Pro:它易于实现,在创建过程中仍然很快。
Con:从Map到Arrays的复制过程中占用的内存更多。
我从一开始就使用Arrays或ArrayLists,并将所有内容存储在那里 专业:最小的内存开销。 Con:这将非常慢,因为每次添加一个新Key时我都必须对Array进行排序/复制。另外,我需要实现自己的(可能更慢)排序,以保持相应的int数组的顺序相同字符串。难以实施
我使用Arrays和MultivalueMap作为缓冲区。

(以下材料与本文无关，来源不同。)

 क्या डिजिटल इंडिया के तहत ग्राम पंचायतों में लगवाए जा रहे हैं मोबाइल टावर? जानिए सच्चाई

程序完成创建阶段的10%或20%后,我会将值添加到数组并保持顺序,然后启动一个新的Map。 Pro:足够的速度和足够的内存效率。 骗局:难以实施。
这些解决方案都不适合我。您是否知道此问题的任何其他解决方案,可能是内存高效(MultiValue)Map实现?

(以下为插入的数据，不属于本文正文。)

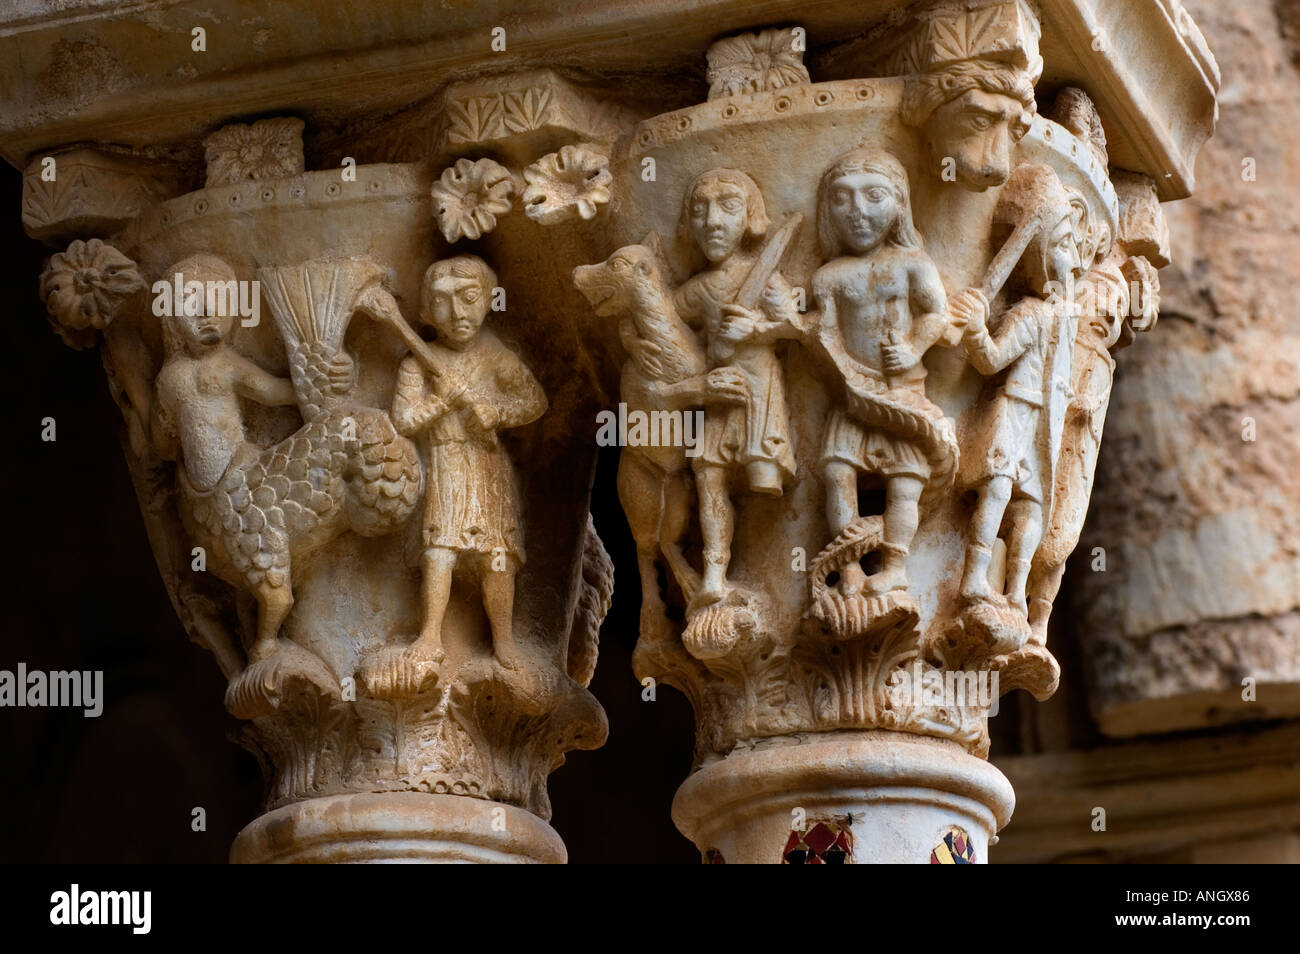 Cattedrale di Monreale, Cattedrale di Santa Maria Nuova di Monreale, Palermo, Sicilia, Grande esempio di architettura normanna, mosaici bizantini Foto Stock

我知道我可以使用数据库,所以不要把它作为答案发布。我想知道如何在不使用数据库的情况下做到这一点。
答案 0 :(得分:5)
如果您切换到Guava的Multimap - 我不知道您的应用程序是否可行 - 您可能可以使用Trove并获取
ListMultimap<String, Integer> multimap = Multimaps.newListMultimap(
new HashMap<String, Collection<Integer>>(),
new Supplier<List<Integer>>() {
public List<Integer> get() {
return new TIntListDecorator();
}
});
这将使ListMultimap
使用HashMap
映射到由List
数组支持的int[]
值,这应该是内存效率的,但您需要付费由于拳击,一个小的速度惩罚。您可以为MultiValueMap
执行类似的操作,但我不知道来自哪个库。
答案 1 :(得分:2)
根据您在映射中存储的Integer值,可能会因为具有不同的Integer实例而导致大量的堆内存开销,这些实例占用的RAM比原始int值多得多。
考虑使用Map
中的String
到浮动的众多IntArrayList
实现中的一个(例如,在 Colt 或用于Java的原始集合中) ),基本上实现一个由int数组支持的List ,而不是由一组Integer实例支持。
答案 2 :(得分:2)
您可以使用compressed strings大幅减少内存使用量。
此外,还有other个更激烈的解决方案(需要重新实现):
答案 3 :(得分:2)
首先,考虑整数占用的内存。你说的范围大约是0-4000000。 24位足以表示16777216个不同的值。如果这是可以接受的,你可以使用字节数组作为整数,每个整数3个字节,并节省25%。你必须索引这样的数组:
int getPackedInt(byte[] array, int index) {
int i = index*3;
return ((array[i] & 0xFF)<<16) + ((array[i+1] & 0xFF) <<8) + (array[i+2] & 0xFF);
}
int storePackedInt(byte[] array, int index, int value) {
assert value >= 0 && value <= 0xFFFFFF;
int i = index*3;
array[i] = (byte)((value>>16) & 0xFF);
array[i+1] = (byte)((value>>8) & 0xFF);
array[i+2] = (byte)(value & 0xFF);
}
你能说一下整数的分布吗?如果它们中的许多符合16位,则可以使用每个数字具有可变字节数的编码(类似于UTF-8用于表示字符)。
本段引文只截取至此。